Wednesday, September 19, 2007

Dragonflies

I live in a world of incredible suffering and stunning beauty.

As the tall grass itches the backs of my calves I let myself down to the ground. I slip off my white and orange Crocs and use them as a mat. The soccer match is already underway.

The agility, grace and power of the players makes me forget their ages until halftime when the team sporting white t-shirts with their names handpainted on the back rushes by me and past the church yelling my name and shouting "lapia". It's then I remember they're just little kids.

They come back skipping, laughing and smiling, each with a half-eaten, half-ripe guava in hand ready for the second half.

There is not a single artificial sound to be heard. Just the gentle rustle of the breeze in the drying out remnants of the millet harvest, the distant shouts and babble of the kids joking in Nangjere and the buzz of a million dragonfly wings.

I let my focus drift off the obvious, sprawling lushness of the rainy season African bush and onto what hovers between earth and sky so startingly blue it almost hurts to the hundreds of seeming motionless hovering dragonflies.
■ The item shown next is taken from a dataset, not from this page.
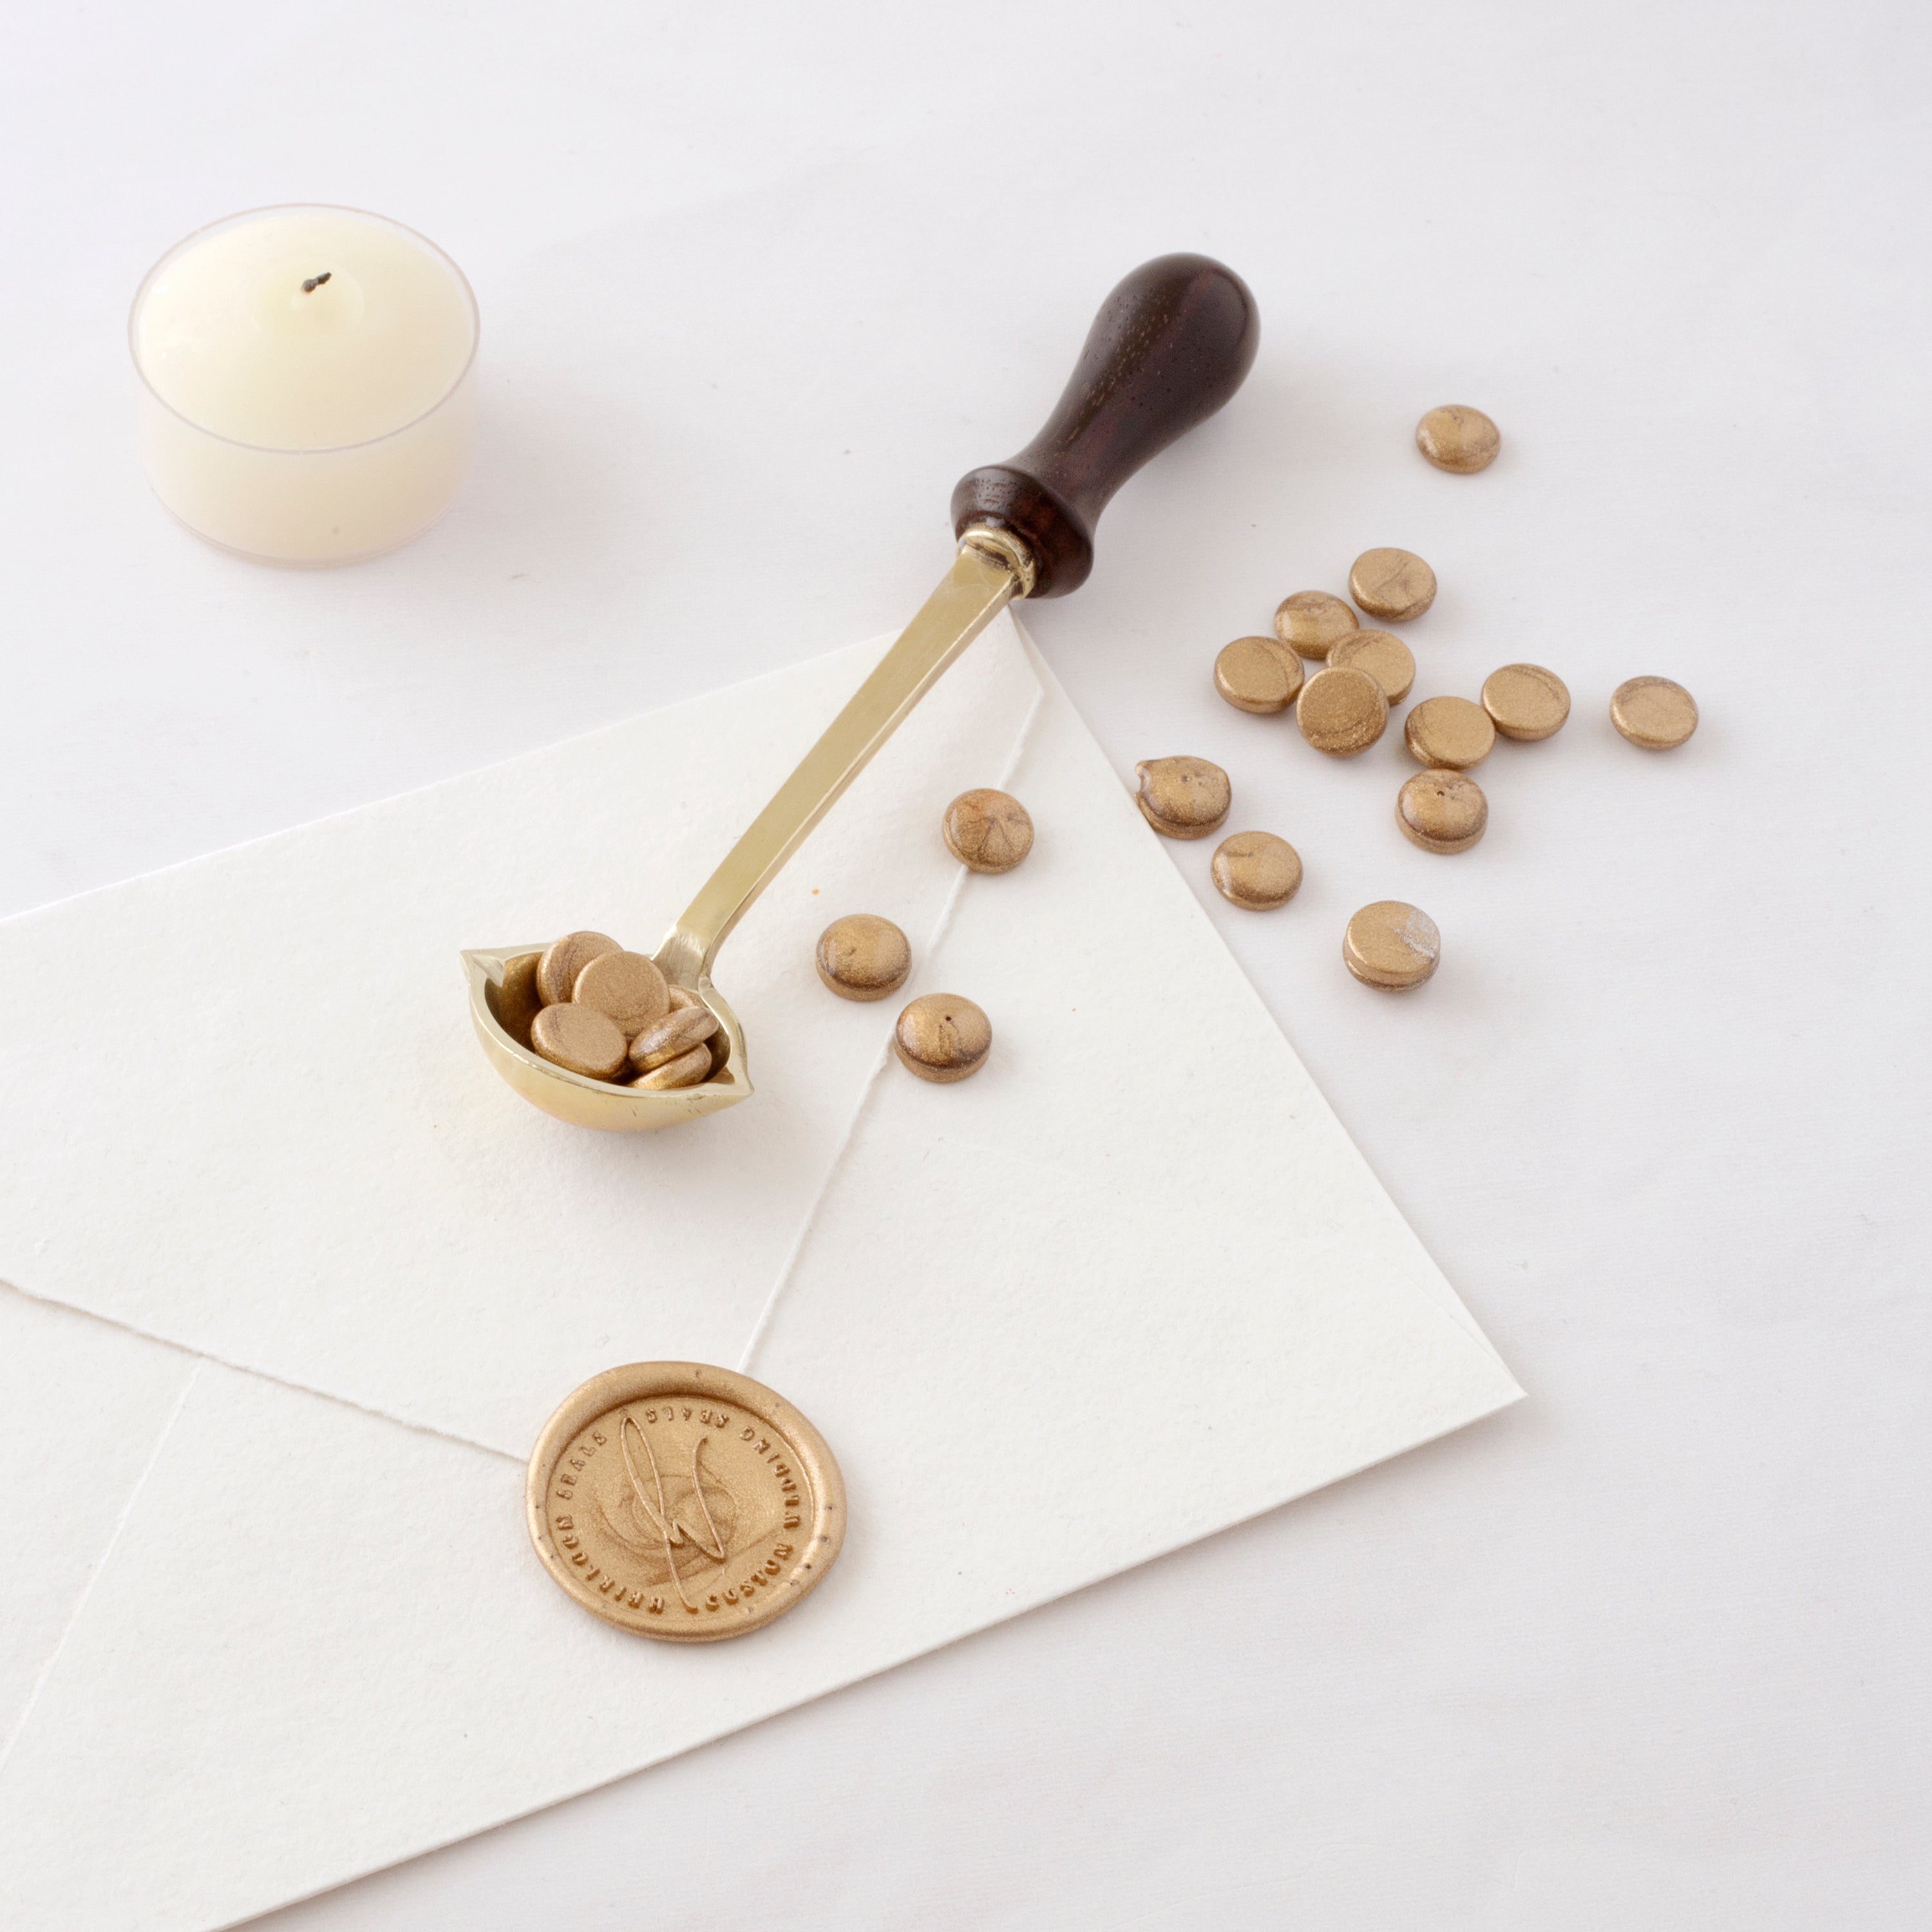 Sealing Wax and Wax Seal Stamps

They are evenly spaced about a meter apart and at seemingly haphazard levels that nonetheless give a sense of order in some weird mathematical way.

The light has taken on that quality one only finds right before it sets low enough to turn color but after it's reached it's peak where it shines directly. The billowing white clouds make a perfect canvas to reflect the brilliance of the sun's perfect angle and to mute it just so it brings out everything in a sharpness of detail not noticed as absent until it rarely presents itself.

I feel transported to another time and another place. A time and a place where I wasn't watching babies die every day. A time and a place where it's almost unheard of for a woman to have lost a child tragically. A time and a place where I wasn't the only doctor for hundreds of thousands of the poor and suffering. A time and a place where I don't feel overwhelmed almost constantly. A time and a place that for me is a fading memory reawakened occasionally by miraculous, dragonfly filled moments.

As the kids resume their match, some older boys start a small circle of soccer "foreplay". Each one takes the ball and bounces it off a knee, or feet several times, maybe a head bump or two and then passes it to the next guy...hopefully without ever letting the ball touch the ground.

Four younger kids are alternately sprawling around, rolling back and forth and chasing a tiny, pink, half-deflated ball back and forth.

All the children on the field (and off) are barefoot except for one who looks like he's wearing army boots and socks three sizes to big. The score is one to one.

Behind me, I notice a newcomer on the scene. A boy about 12 or 13 years old. He's crippled. He has a single homemade wooden crutch. One leg is severely shortened causing his whole body to swerve and lean. Somehow, he still manages to join the boys in their game, kicking the ball around with both feet as he hops around on his crutch.

I call Tabegue, Samedi's nephew, over and tell him I want to talk to the handicapped kid.

His story is tragic, yet all to common here in Tchad.

In 2002, he was just running and then felt his leg "give way". According to him, it was "out of joint". He had many traditional bone setters try and put it in, but it never healed right and he's been crippled ever since.

I have him lie on the ground as all the kids not playing in the match gather quickly around to watch. His left knee is about 10 inches shorter than his right. His left lower leg is normal. His hip has a surprising range of motion, but there is a bony mass sticking up, out and back.

What probably happened is something that in the developed world would be operated on right away with a few pins and six weeks later he'd be back walking hardly knowing that if he'd been born in a different country, he'd be handicapped for life.

I tell him to come see me the next day at the hospital. I hope to be able to help him.

He still hasn't shown up...but the dragonflies hover on.